Por Sergio Reyes II
Esta vecina y sus cosas me tienen confundido. Llegó sin aparatajes, penetró en espacios que, al parecer, son suyos -de hecho, desde secula seculorum son más suyos que nuestros!-, y se acomodó en su poltrona mucho antes de que el ámbito doméstico se llenase de ruidos, efluvios de café, chocolate o té (en este caso, los tres), dispuesta a reposar el agobio de sus andanzas nocturnas, detrás de desprevenidas presas o coqueteándole a veleidosos congéneres.
Por lo que pude notar en un primer acercamiento de reconocimiento, apenas se acomodaba en su poltrona o guarida,
a todo lo largo de su anatomía y, en ocasiones, se recogía y enrollaba su parte más gruesa, protegiendo, talvez, la evolución interna de futura prole.
-Tal y como, al parecer, viene haciéndolo desde hace días o semanas y como lo hicieron desde hace años, décadas o siglos sus congéneres y ancestros, en esta frontera nuestra y gran parte de la isla.
Descartando temores infundados, fábulas y cuentos de caminos, medio me envalentoné y decidí desalojarla de su cómoda posición porque, independientemente de mi amor por la naturaleza y la vida silvestre, tampoco voy a permitir el establecimiento de un zoológico en las paredes, caballetes y rincones de Villa Vitalina. Hasta ahí no llega la cosa, no!
(Además, por encima de su carácter permisivo y las licencias ecológicas que me permite, Nancy es ñoña con sus nietos y no permite lisuras a ningún bicho escurridizo y juguetón que pueda aterrorizar a la prole que continuamente nos visita).
Dicho y hecho. Debidamente apertrechado con guantes y alguna otra parafernalia de guerra -al estilo Rambo-, me preparé para entablar pelea (perdón, armisticio!) con la amiguita boa y, sin mayores percances me hice de ella y la alejé del entorno doméstico, no sin antes sostener un ‘face to face’, que me permitió observar de cerca su anatomía, los intrincados diseños de su piel, sus reacciones y hasta el stress que, de seguro, le causaba mi inoportuna presencia.
Con la contorsionista enrollada completamente en mis enguantadas manos y sin dar tiempo a mucho aspaviento, reclamos ni discusiones democratoides, me encaminé a la espesura del monte y le dejé ir, como Dios manda.

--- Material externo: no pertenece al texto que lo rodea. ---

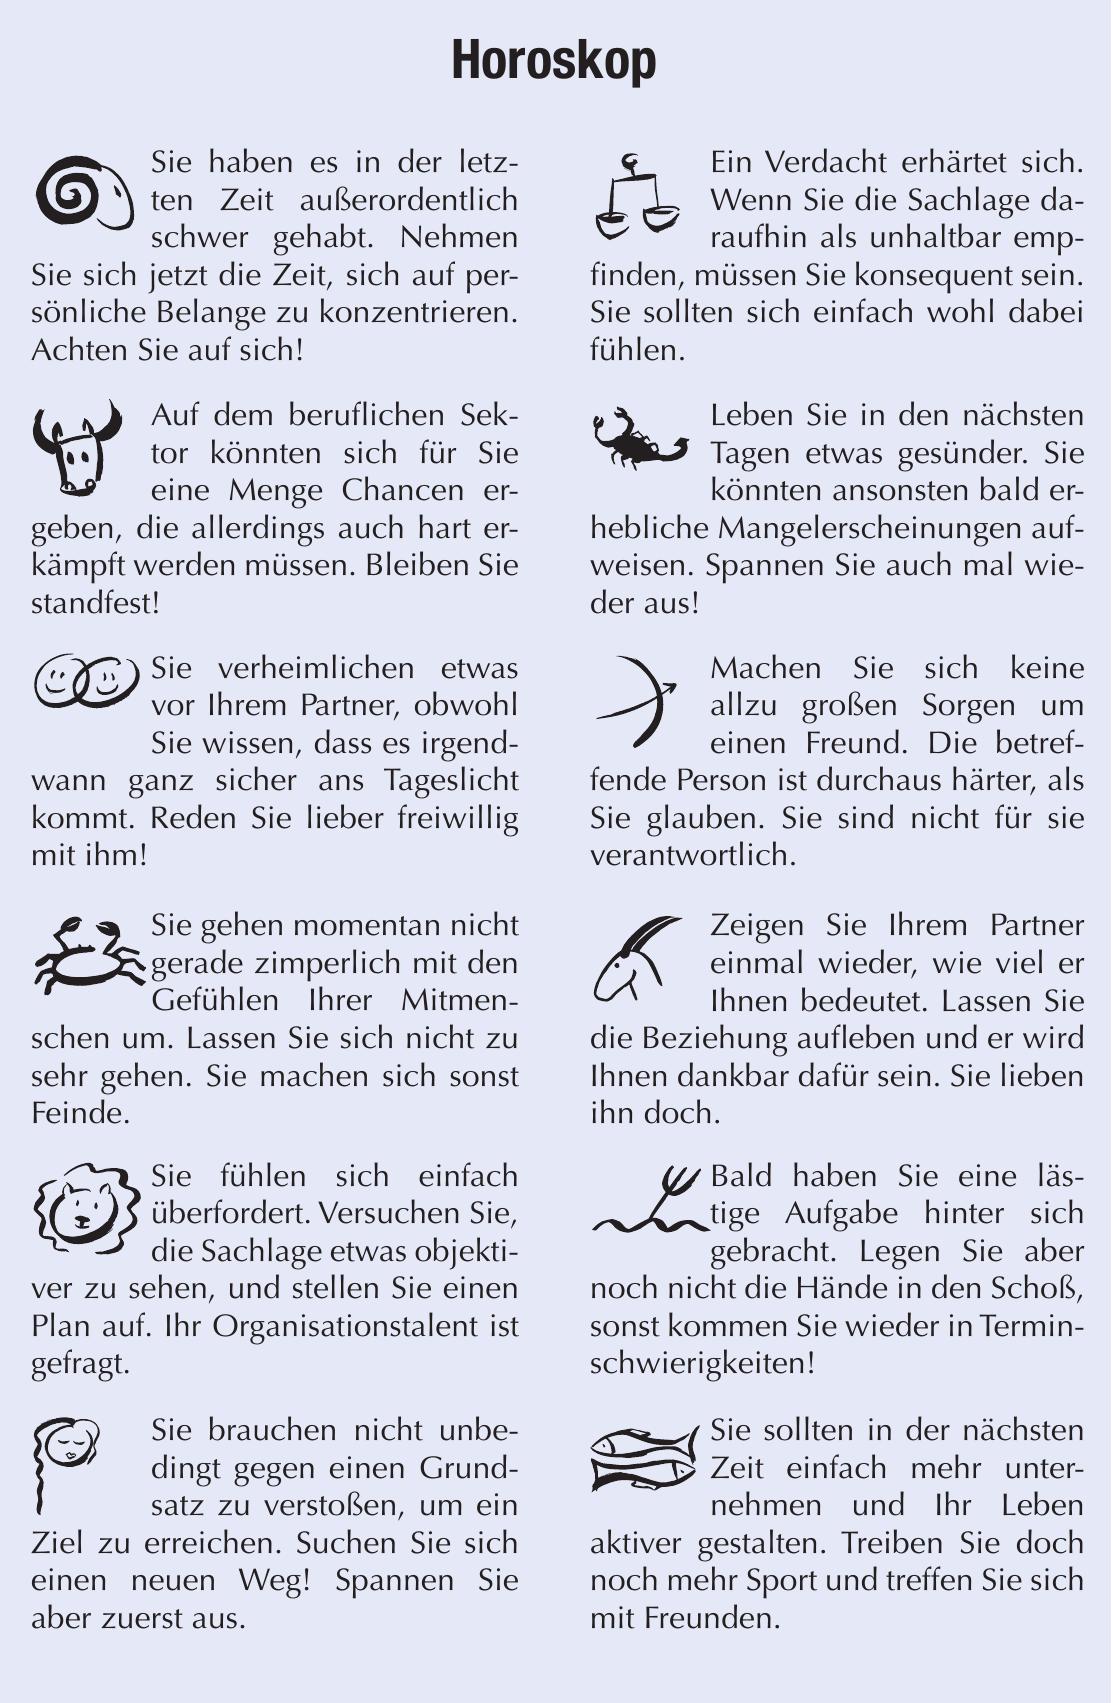 © DEIKE PRESS, Konstanz 17/2021

Y vaya Usted a saber que en más de una ocasión hube de volver tras mis pasos para forzar un cambio de ruta en el sinuoso andar de la casquivana vecina, quien se empecinaba en volver grupas, nueva vez, en dirección a la casona.
Así andan las cosas por estos predios, en esta mañana. A pesar de lo que piensen los timoratos, el sentimiento de paz interior que alberga mi pecho me repite una y otra vez que hice lo correcto. Y eso, es más que suficiente!